Regional commentators in Pointe-Noire and Ouesso reported that local radio stations replayed extracts of the congress speeches throughout the week, suggesting that Patriarch messaging is already permeating beyond the capital’s political circles and into commuter taxis and market stalls.

Alignment with national development plans

Several workshop panels linked the Patriarch agenda to the government’s National Development Plan 2022-2026, which prioritises SMEs, digital payments and agro-processing. Speakers argued that encouraging youth entrepreneurship harmonises with that blueprint, positioning G.a.e as a civic complement rather than a parallel power centre to state initiatives.

In a recorded message, Minister of Small and Medium-Sized Enterprises Jacqueline Lydia Miky Assan praised “the organisational maturity” displayed at the congress and reiterated commitments to expand micro-credit access before year-end. Her endorsement signalled high-level interest in leveraging G.a.e’s field network for policy dissemination as campaigns intensify.

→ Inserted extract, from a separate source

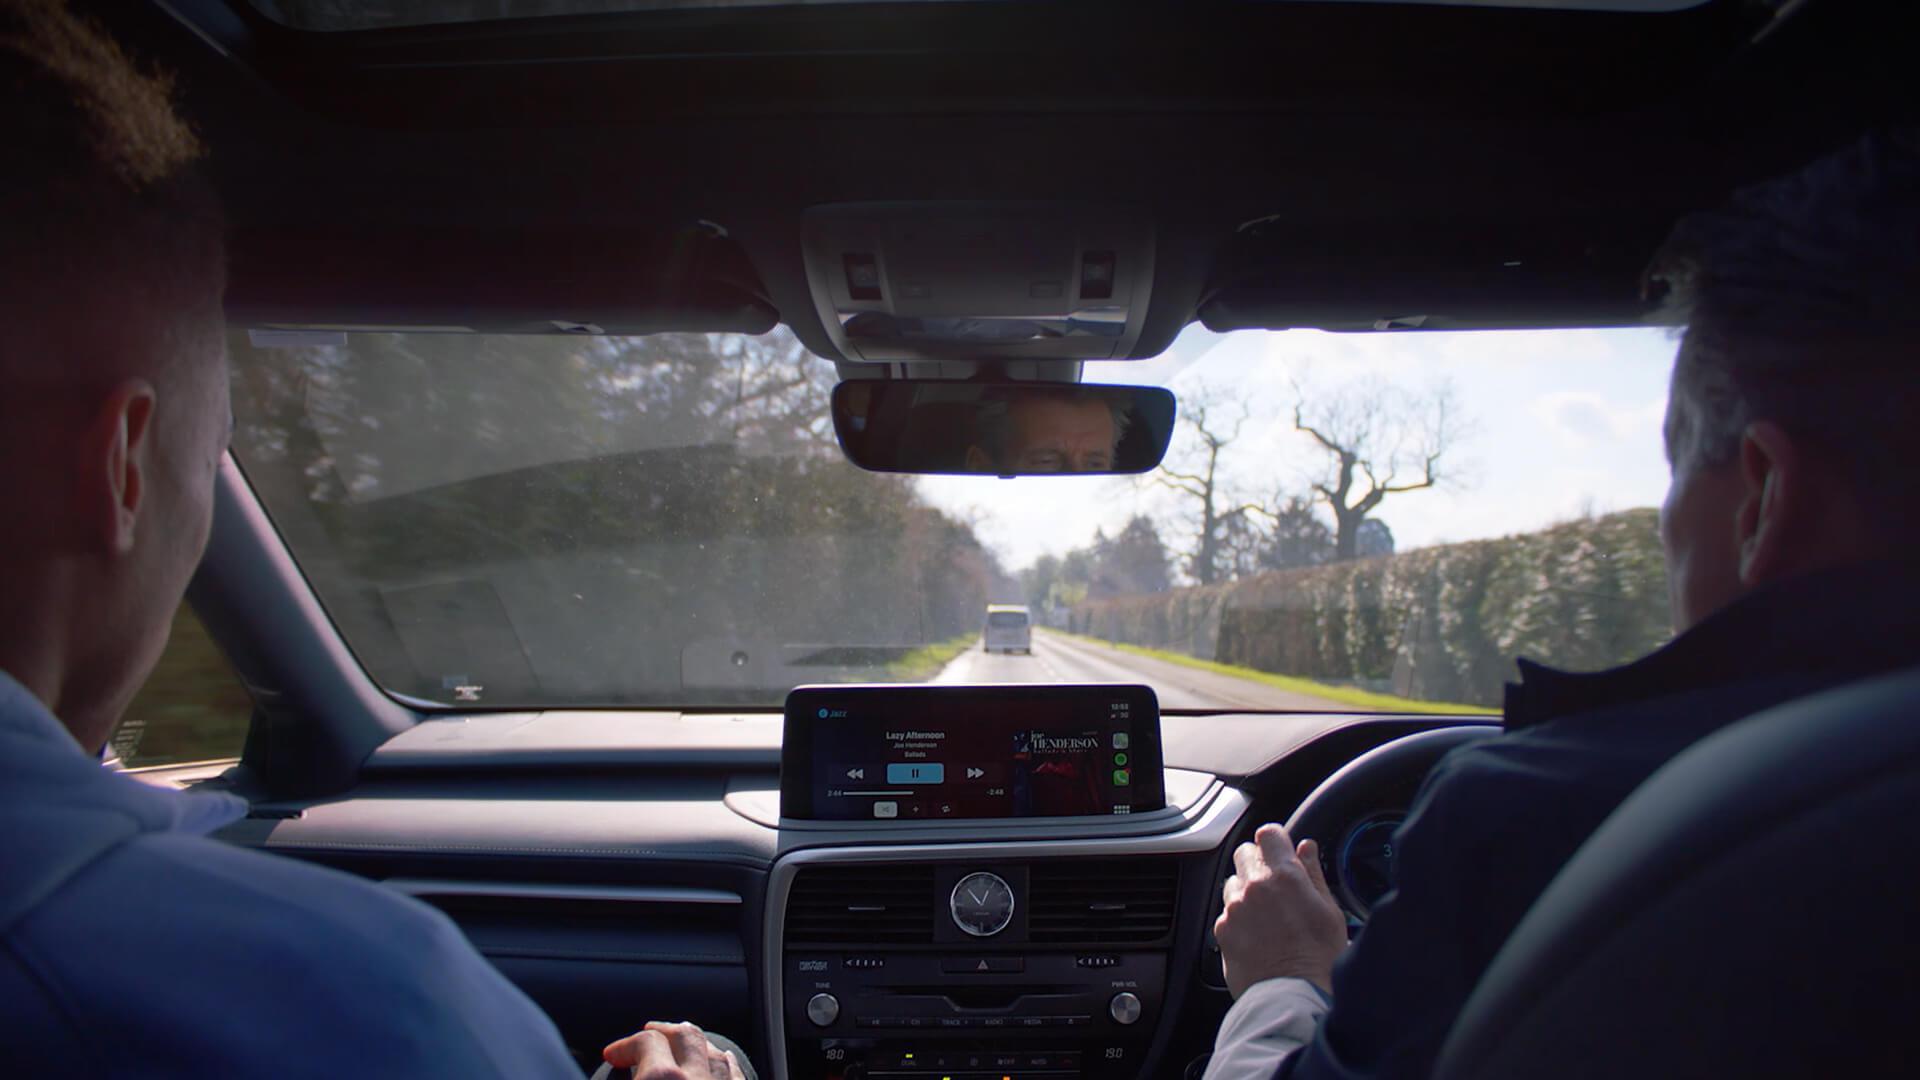 Lexus2020 SebCoeAlexHaydock Wilson InteractiveVideoPoster
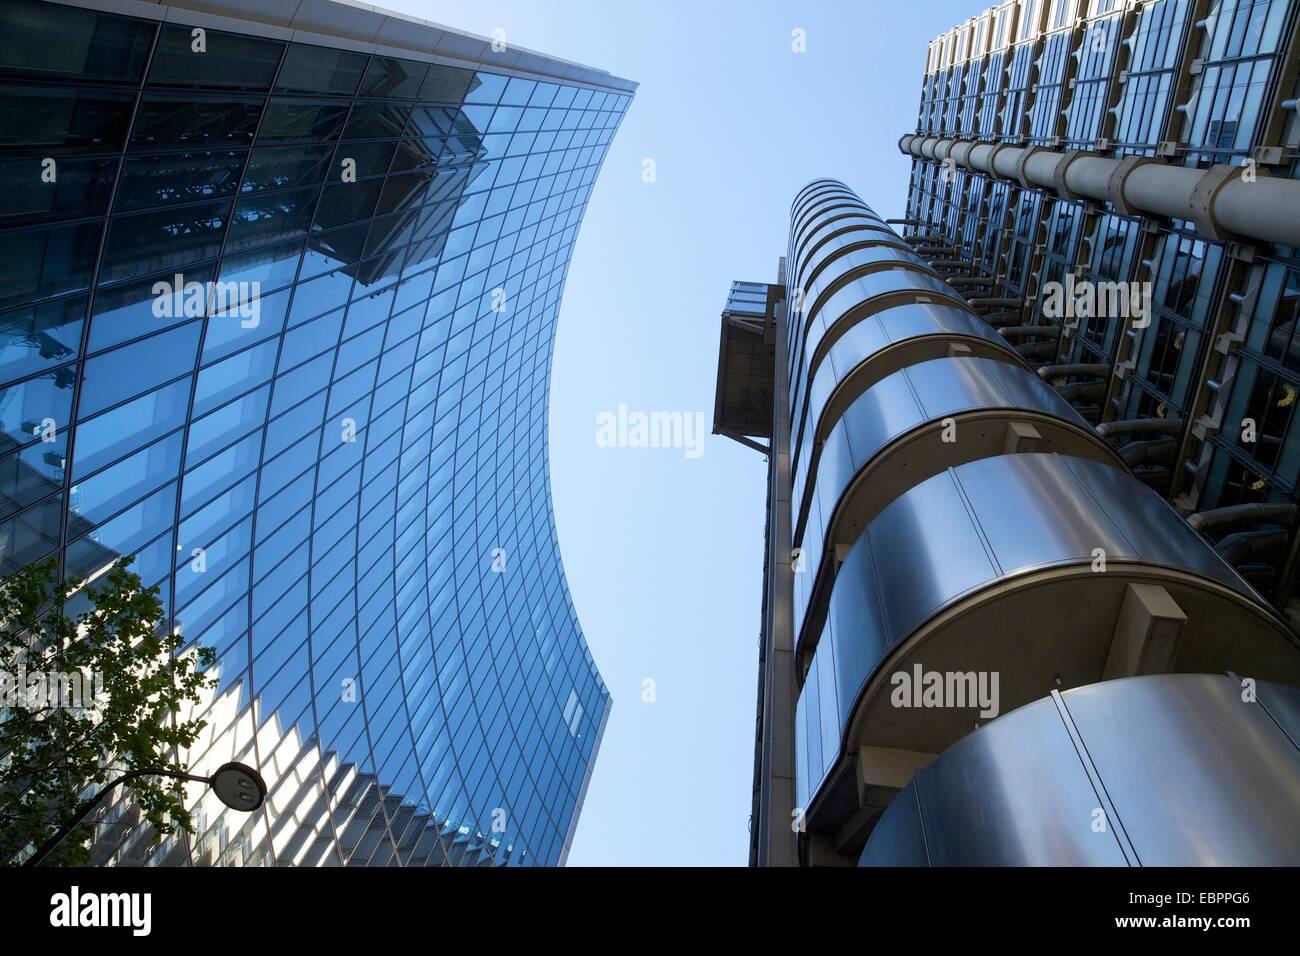 Lloyds und Willis Gebäude, Bankenviertel, City of London, England, Vereinigtes Königreich, Europa Stockbild

Next milestones toward 2026

Over the coming weeks, delegates will travel home to establish local support committees, each expected to register 500 residents during the September-October electoral roll revision. Progress reports will be centralised through a new digital dashboard, allowing national coordinators to highlight lagging districts and dispatch reinforcement teams.

As dusk fell on the second day, the brass band played once more while delegates exchanged phone numbers and selfies. For organisers, the true test begins now, far from the glare of spotlights, in villages and city blocks where a single additional registration may tip the March contest.